RECORDED DATA:
====

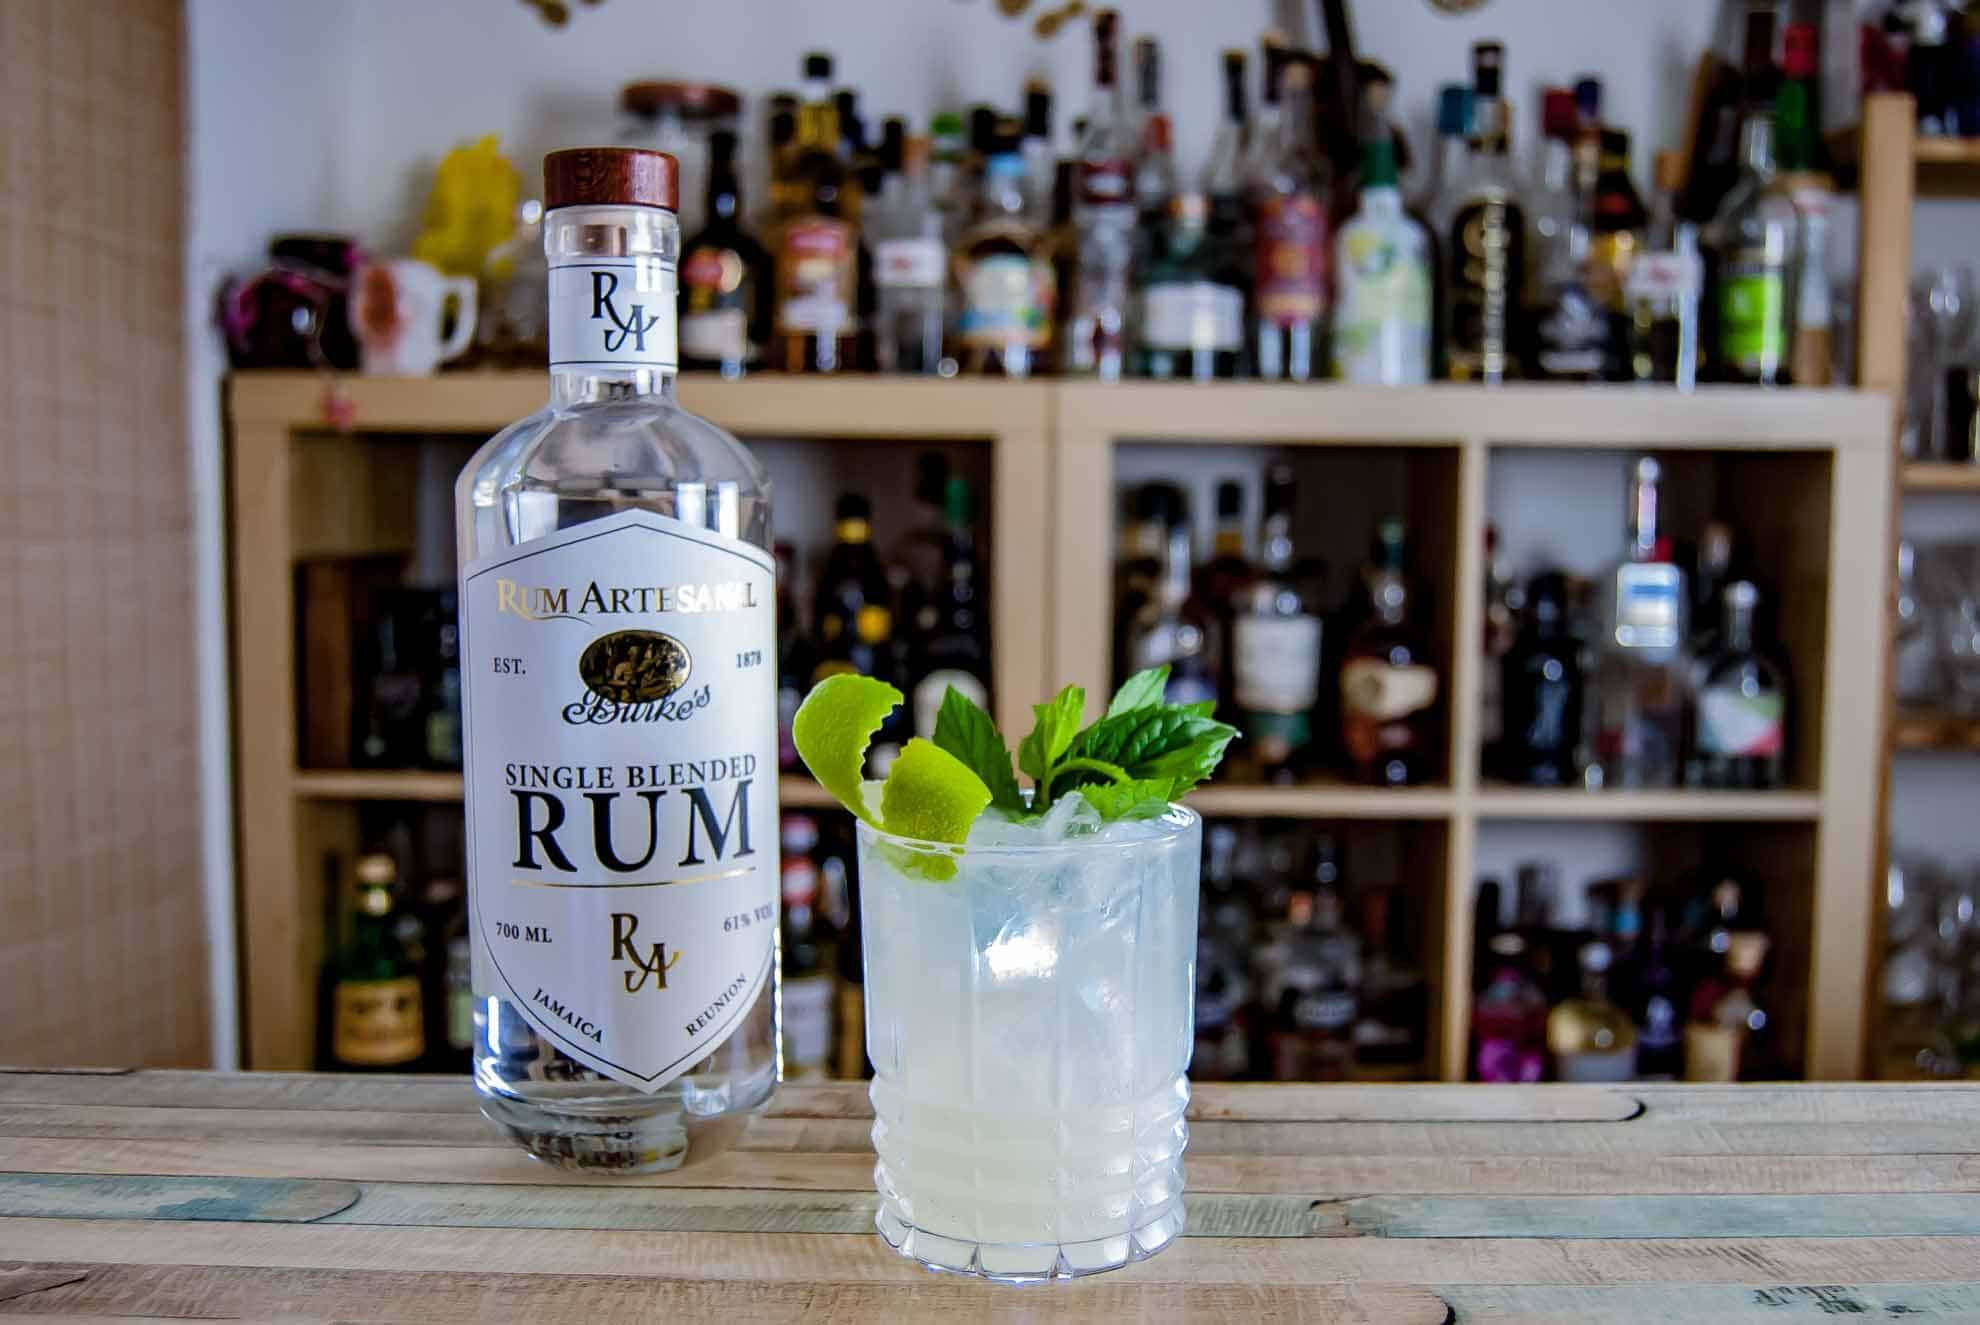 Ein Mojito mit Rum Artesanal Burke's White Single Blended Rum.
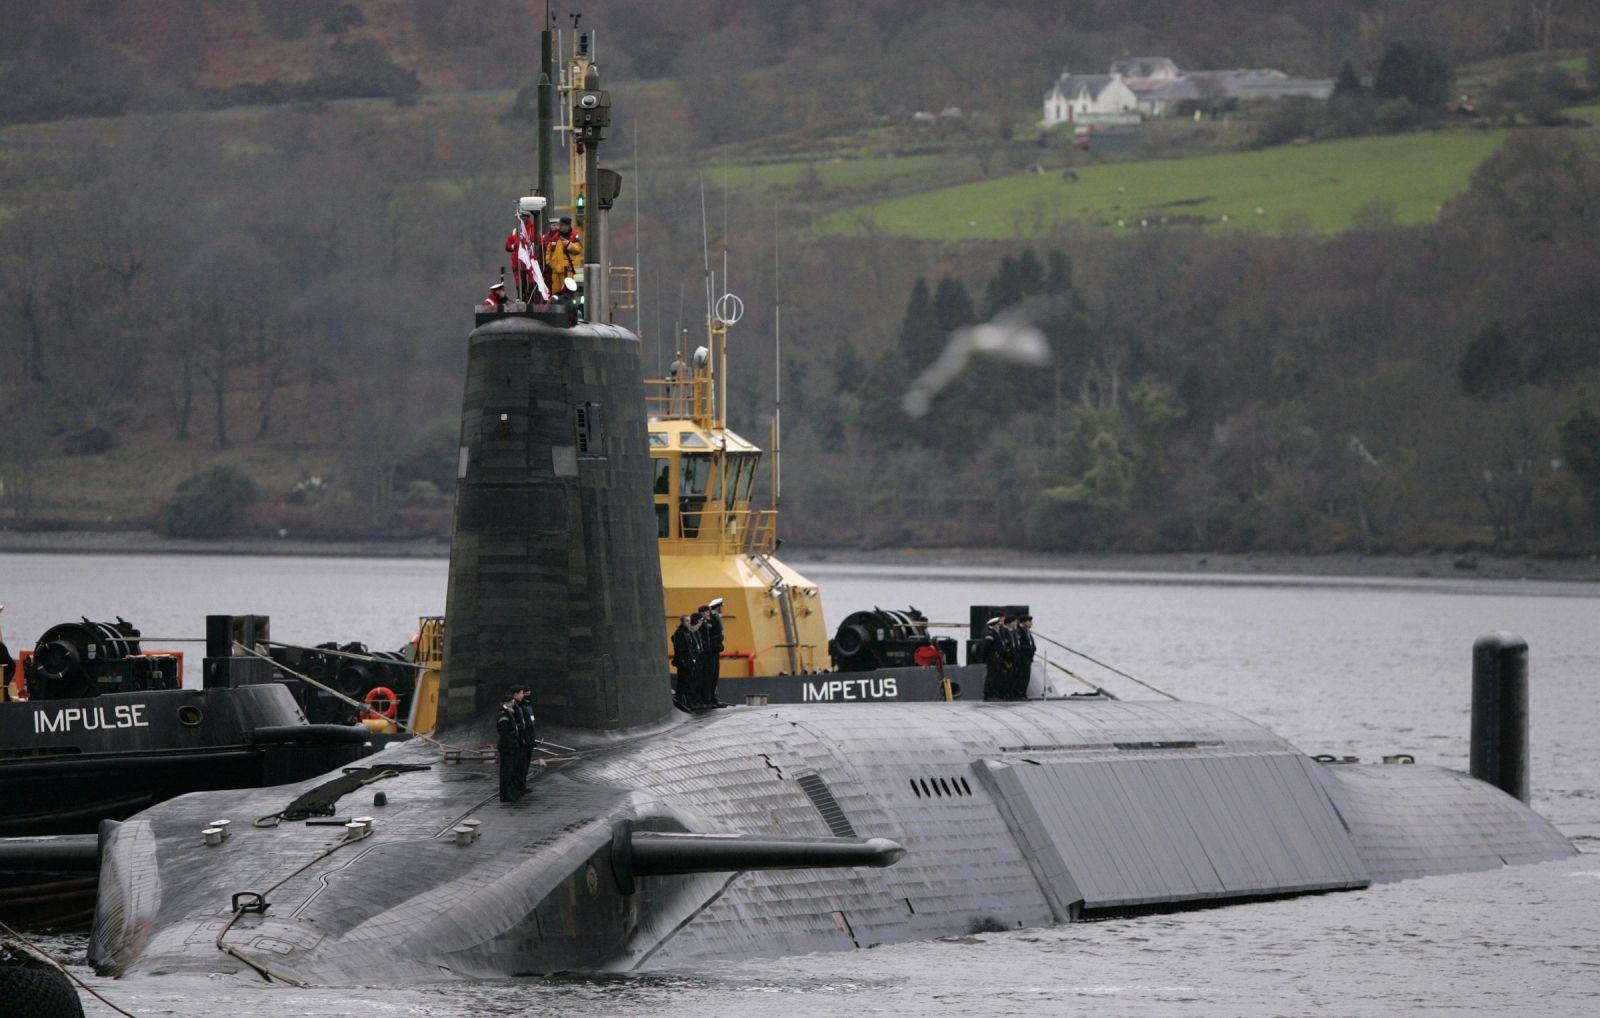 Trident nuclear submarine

====

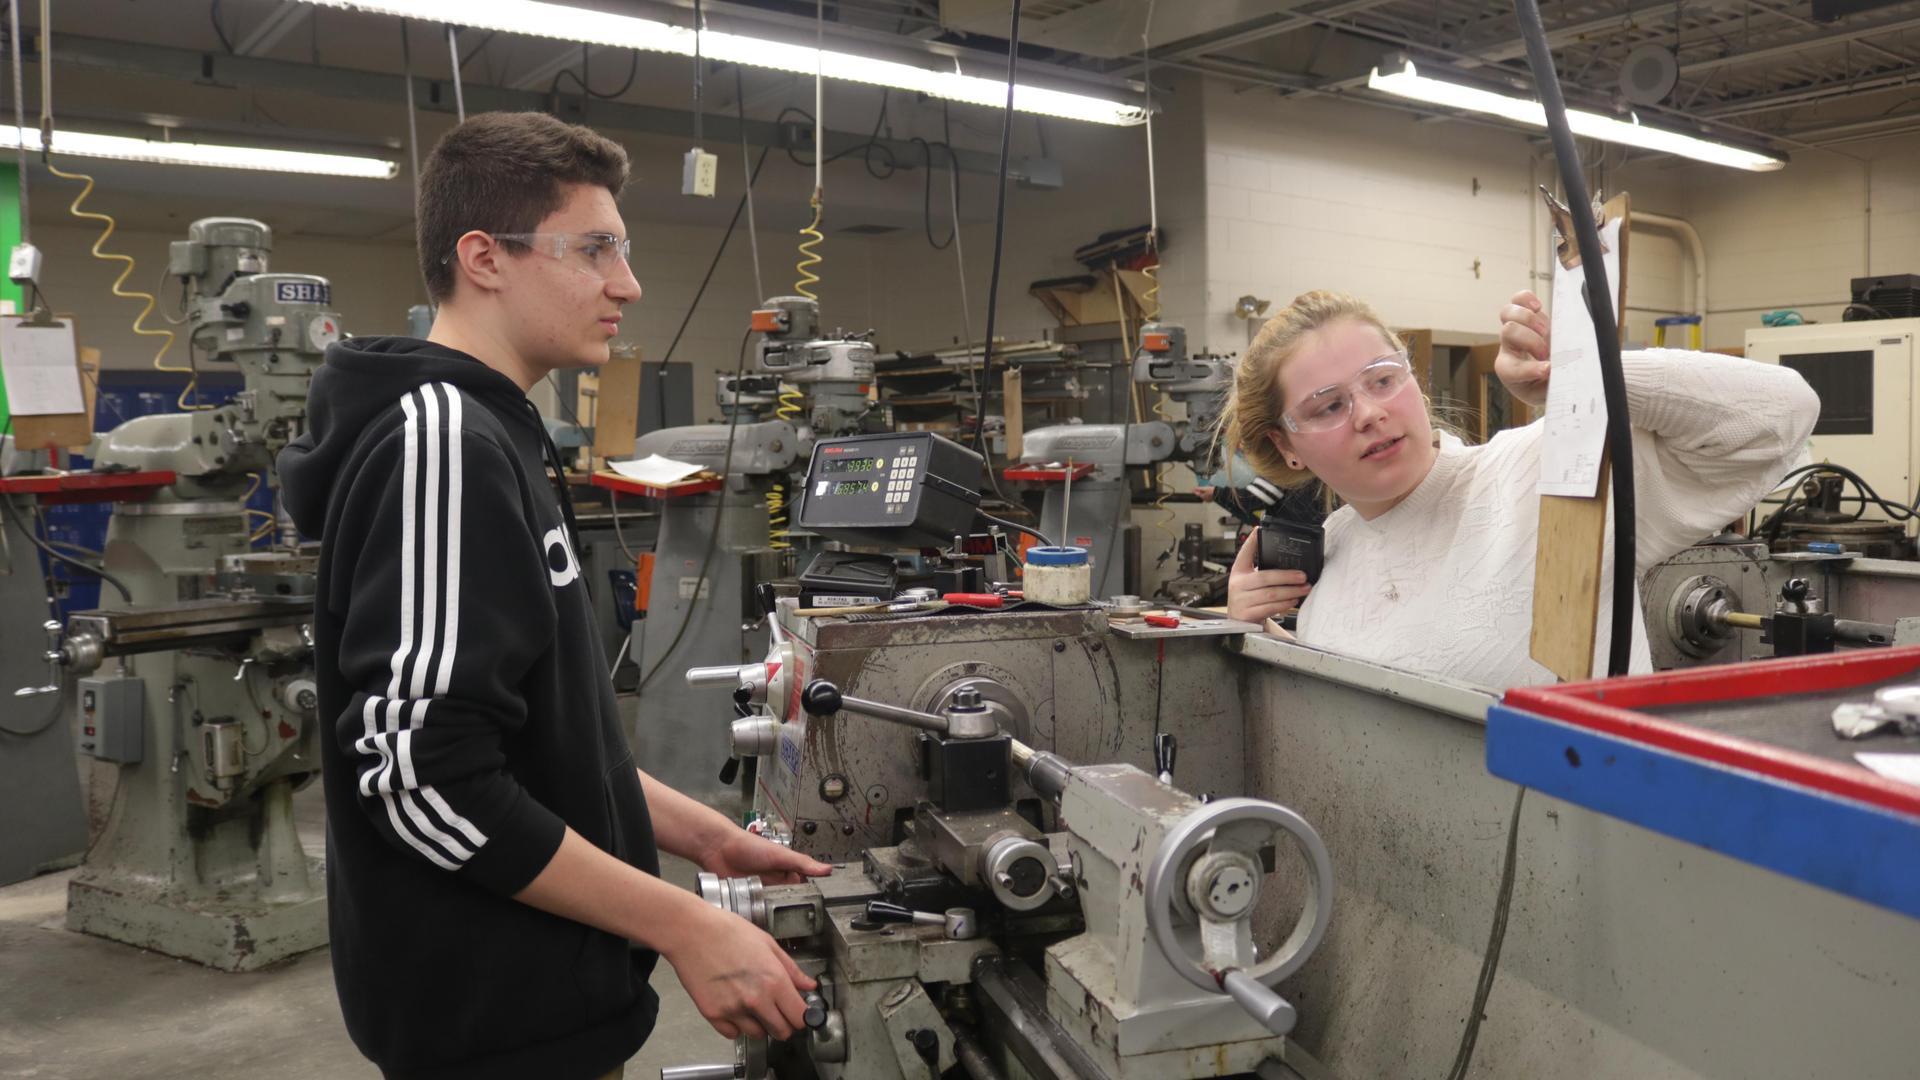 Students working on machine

====

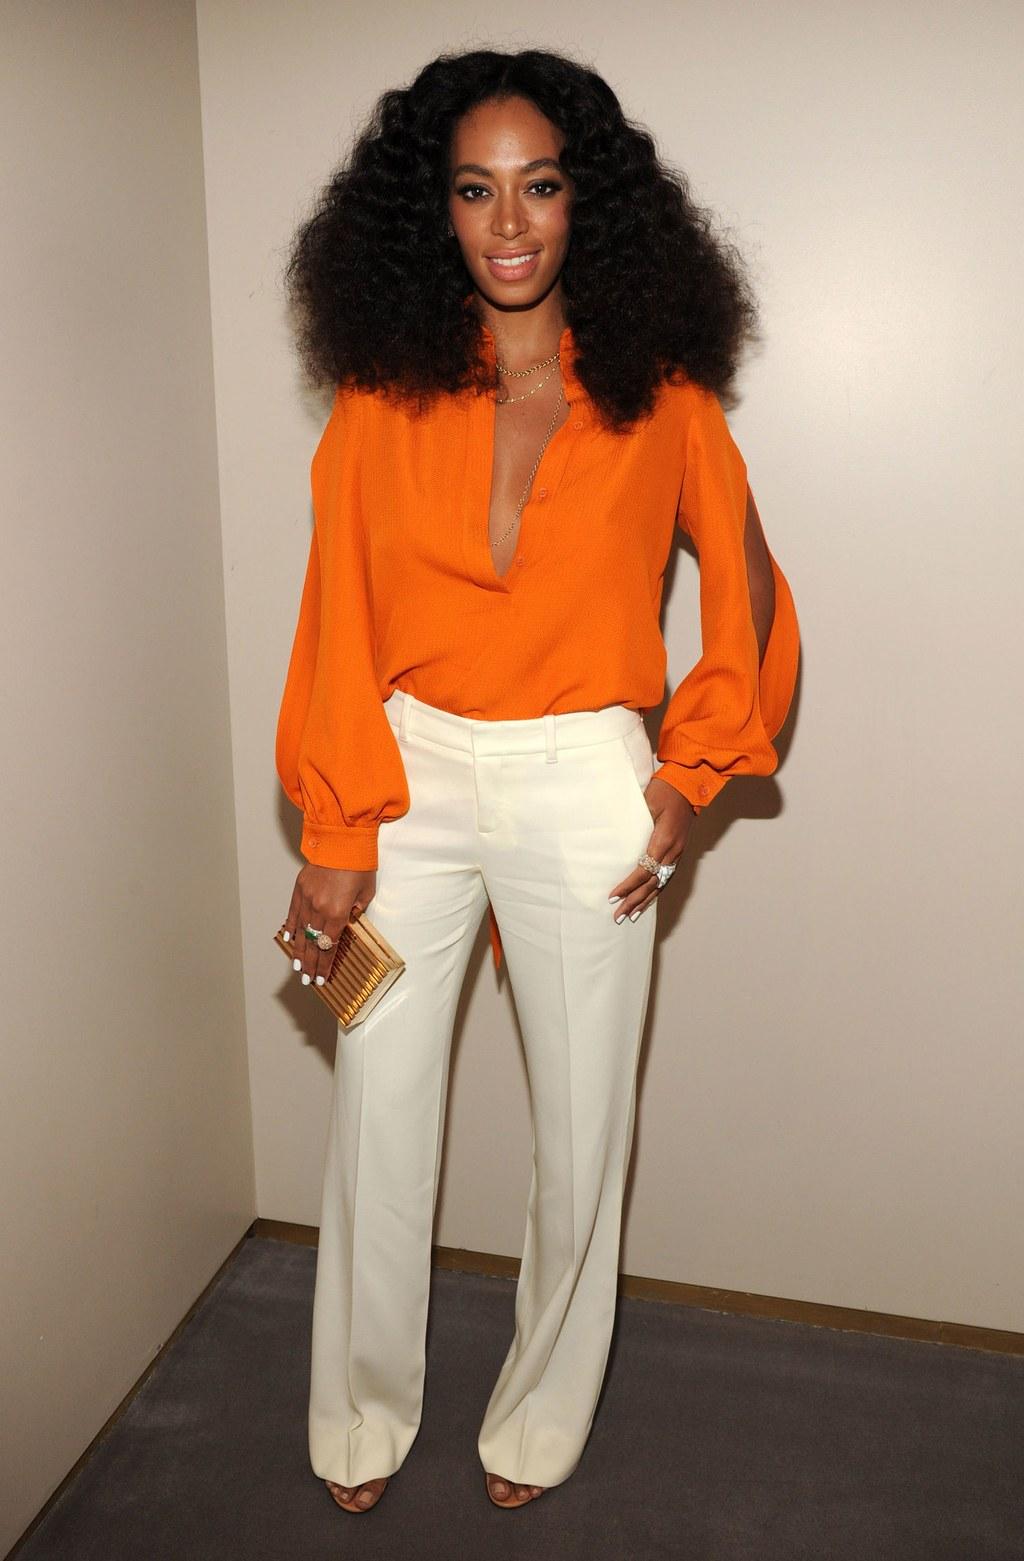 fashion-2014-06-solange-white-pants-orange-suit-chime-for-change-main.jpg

====

TASK:
From the records above, copy exactly the stretch from the line holding "Ein Mojito mit" through the line holding "Trident nuclear submarine", both ends included, without the pictures.

TASK RESPONSE:
 Ein Mojito mit Rum Artesanal Burke's White Single Blended Rum.
 Trident nuclear submarine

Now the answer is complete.